There is a story that comes out of the Bedouin culture.
“Bedouin” is the Aramaic name for “desert dwellers”. These people live much as the characters of the old testament did. During a heated argument, according to this story, a young Bedouin struck and killed a friend of his. Knowing the ancient, inflexible customs of his people, the young man fled, running across the desert under the cover of darkness, seeking safety.
He went to the black tent of the tribal chief in order to seek his protection. The old chief took the young Arab in. The chief assured him he would be safe until the matter could be settled legally.

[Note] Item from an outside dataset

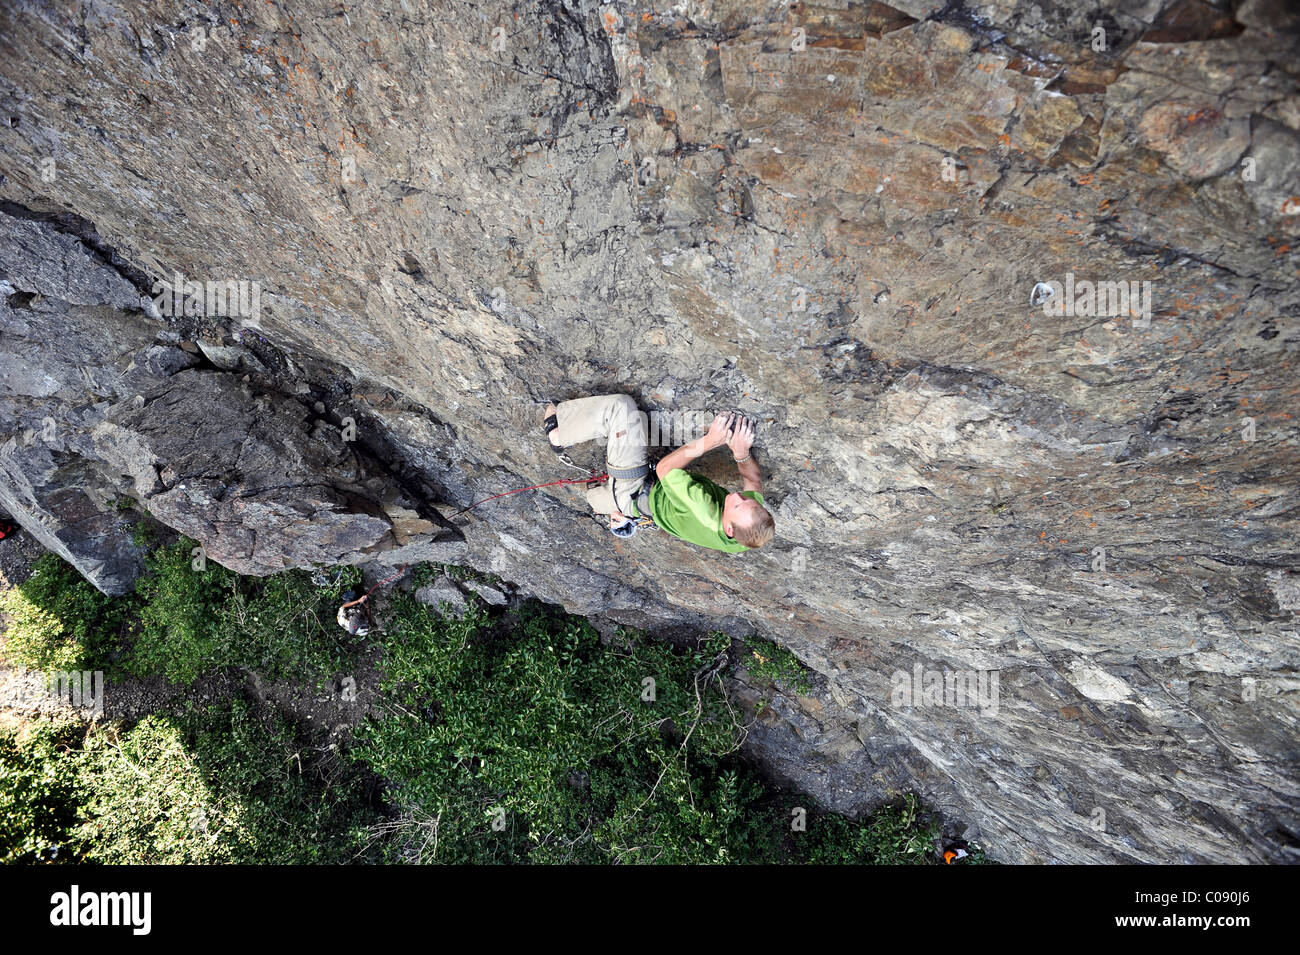 Man rock climbing along Turnagain Arm near Anchorage, Southcentral Alaska, Summer - Stock Image

The next day, the young man’s pursuers arrived, demanding the murderer be turned over to them. They would see that justice would prevail in their own way.
“But I have given my word,” protested the chief.
“But you don’t know whom he killed!” they countered.
“I have given my word” the chief repeated.
“He killed your son!” One of them blurted out.
The chief was deeply and visibly shaken with this news. He stood speechless with his head bowed for a long time. The accused and accusers as well as curious onlookers waited breathlessly. What would happen to the young man? Finally the old man raised his head.
“Then he shall become my son”, he informed them, “and everything I have will one day be his”.
The young man certainly didn’t deserve such generosity. And that, of course, is the point. Love in its purest form is beyond comprehension. No one can merit it. It is freely given. It is agape, the love of God. Look to the cross. At the cross, we encounter love in its purest form.
[Ikhide]: Easter is behind us and won’t be celebrated for another year; at least officially. But by responding to God’s love and extending same to everyone we meet, we perpetuate the true meaning of Easter. And that, my friend, is worth more than any holiday.